The Caf sent the provider a list of data belonging to 10,204 recipients. The names had been removed, but the other data remained, with up to 181 data points per recipient included. Some even included the dates of birth and guardian names of children.

Using such data, it would be easy to identify the recipients via online searches, even without using their names to search.

File easily accessible

The file was published on the training provider’s website, and accessible to anyone, simply by clicking on a file called ‘CAF.zip’.

The service provider who put the file online, who has remained anonymous, said: “When the Caf sent me the data, I thought they were fictitious. We do not need real data for training, just ‘realistic’ data.

“The file was made available for training purposes on our website and I omitted to take it down afterwards.”

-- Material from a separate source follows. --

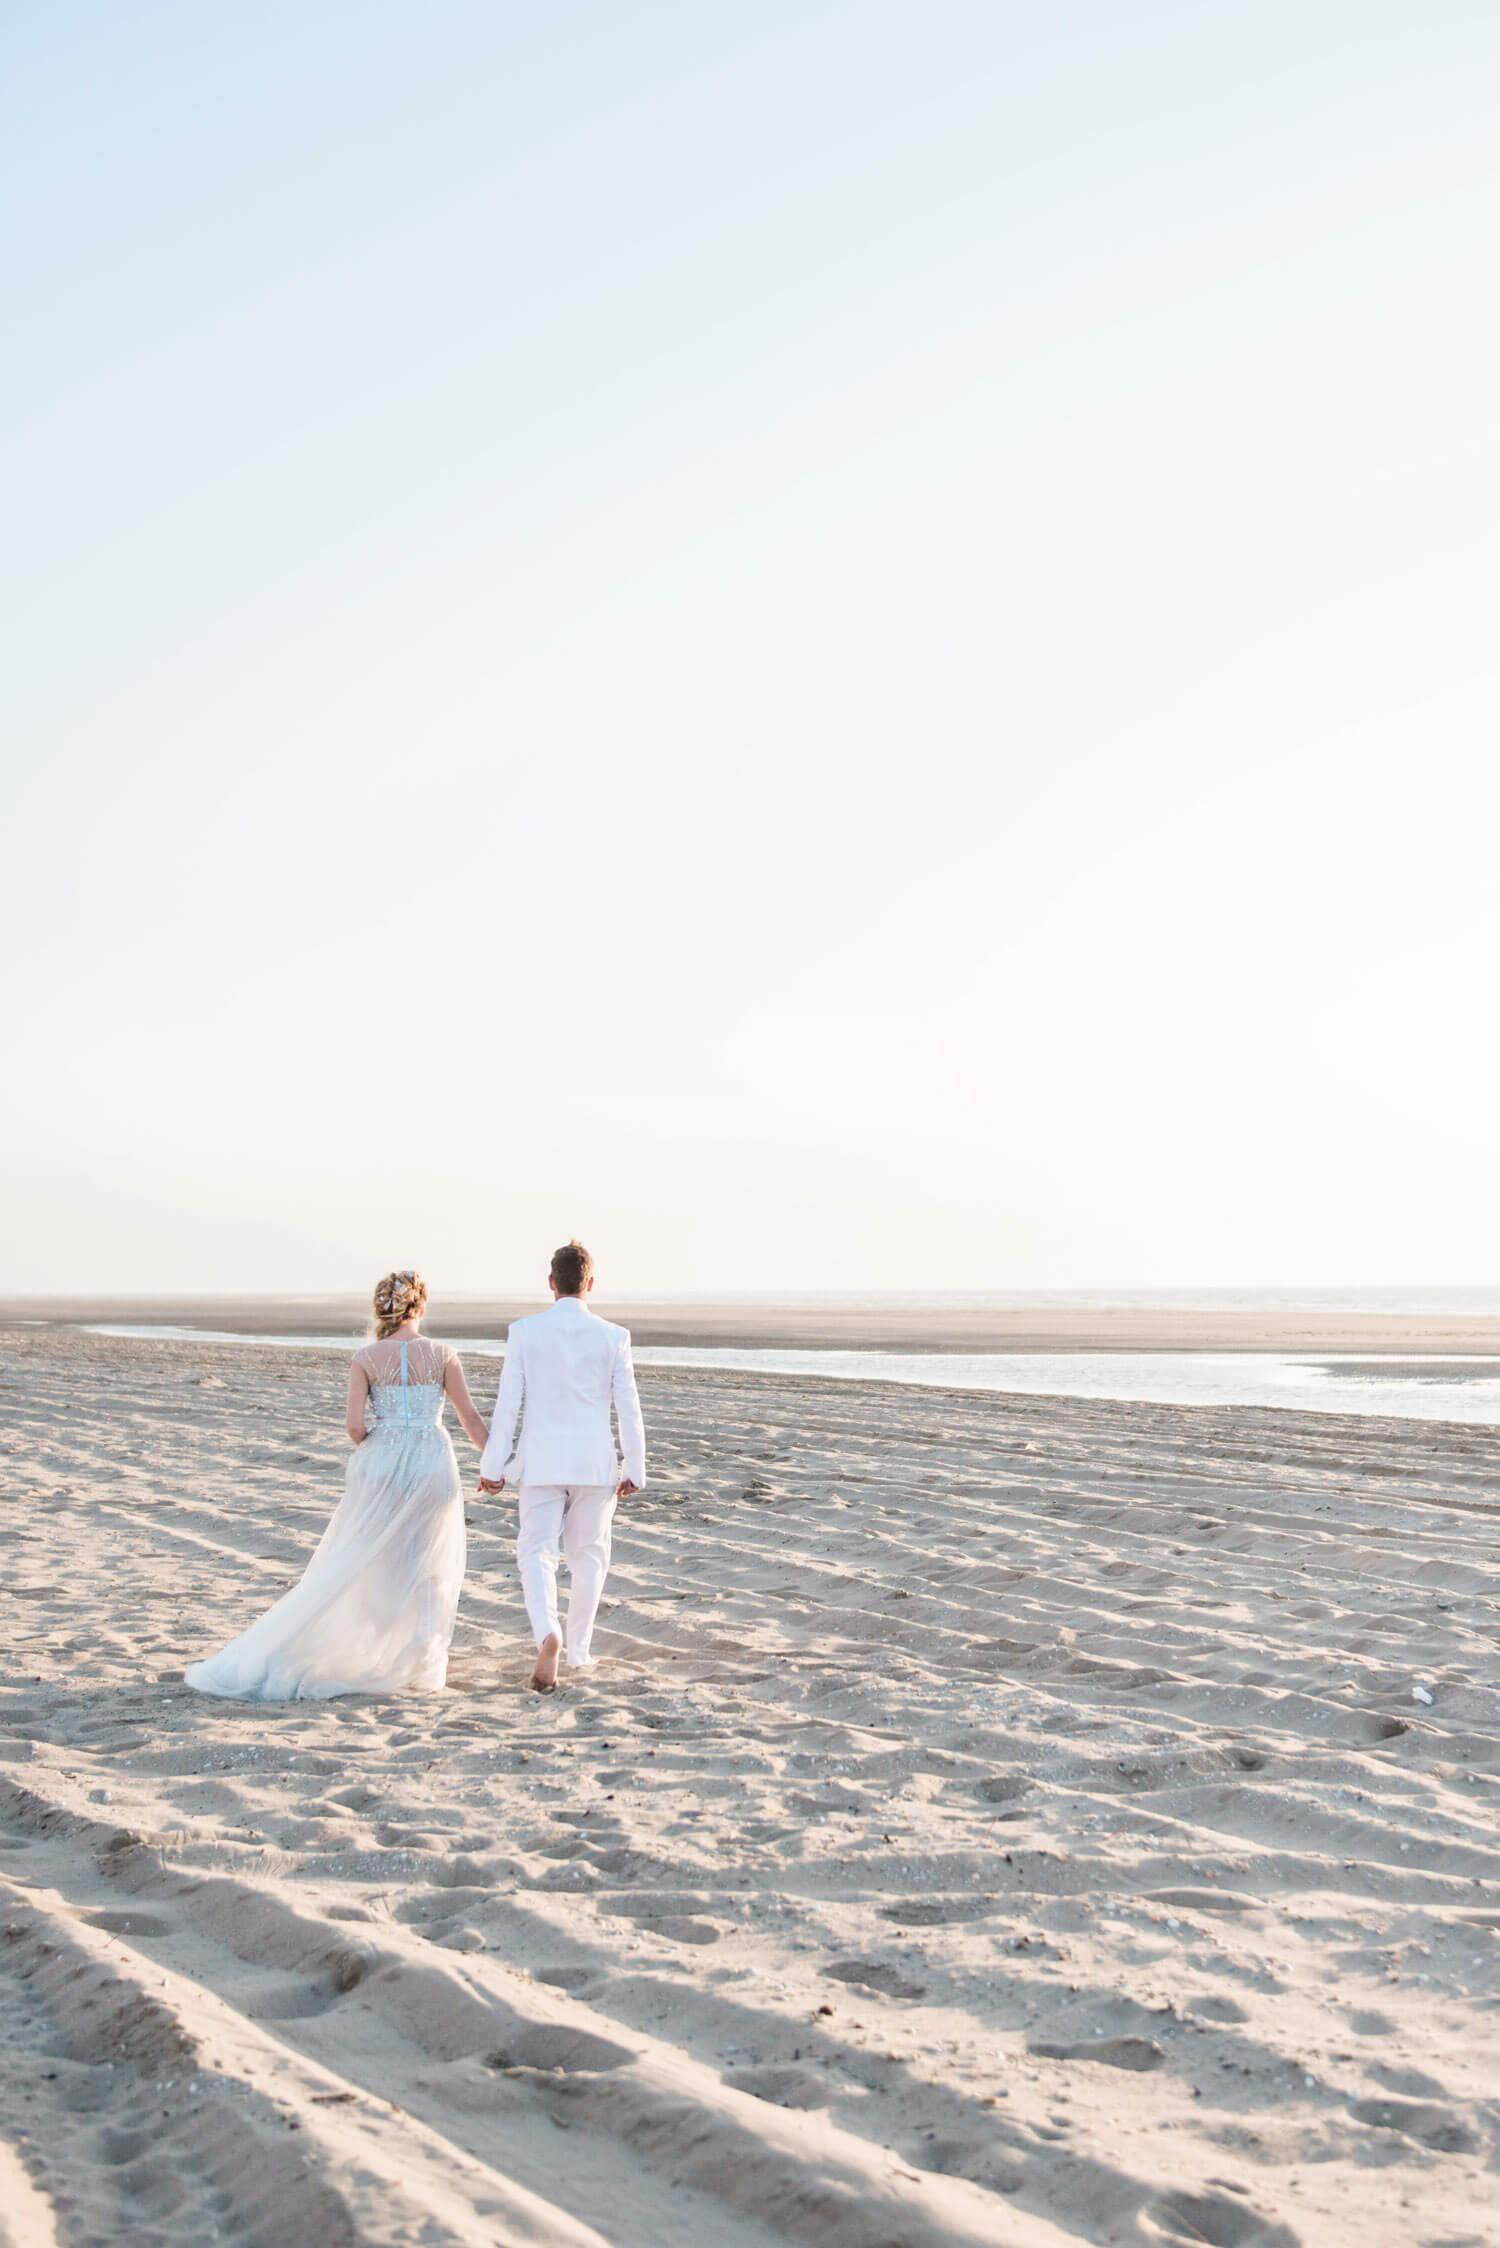 Trouwfotograaf voor bruiloft in het buitenland - ©Wit Photography - Londen trouwfotograaf, Griekenland trouwfotograaf, Parijs trouwfotograaf, Italie trouwfotograaf-16-2

Bastien Le Querrec, legal expert at digital rights advocacy group la Quadrature du Net, told FranceInfo: “These are sensitive, personal data. I don’t think the Caf even has the right to export this. Here we have a window onto the private lives of 10,000 people, with very precise information.

“It’s very problematic that the Caf has sent this data to a private provider; they could have done this training with a fictitious list.”

Risk of identity theft

Data protection lawyer Alexandre Iteanu said: “For a data transfer to be legal, it must comply with one of six GDPR rules: consent, contractual, the public interest, the safeguarding of vital interest, legitimate interest, or legal obligation.

“The Caf therefore did not have the right to share this data if it had not informed the person concerned or obtained consent in advance.”

People whose data was leaked may be at greater risk of identity theft, malicious scammers, and fraud, said Mr Le Querrec.

Sanctions for the Caf could be severe, including administrative, civil, and even criminal.

When questioned about the incident, a spokesperson for la Caisse nationale des allocations familiales (Cnaf) said: “This data should never have been put online by the provider”.

It said that the provider had been sent the file in the context of “very limited training” for staff who were bound by “professional secrecy”, and that the document was intended for “strictly internal” use only.

Now, the Caf in Gironde will inform the 10,204 recipients affected, many of whom have already been told. The office has also opened an internal enquiry to “understand how this situation was able to happen and put a more stringent system in place”, it said.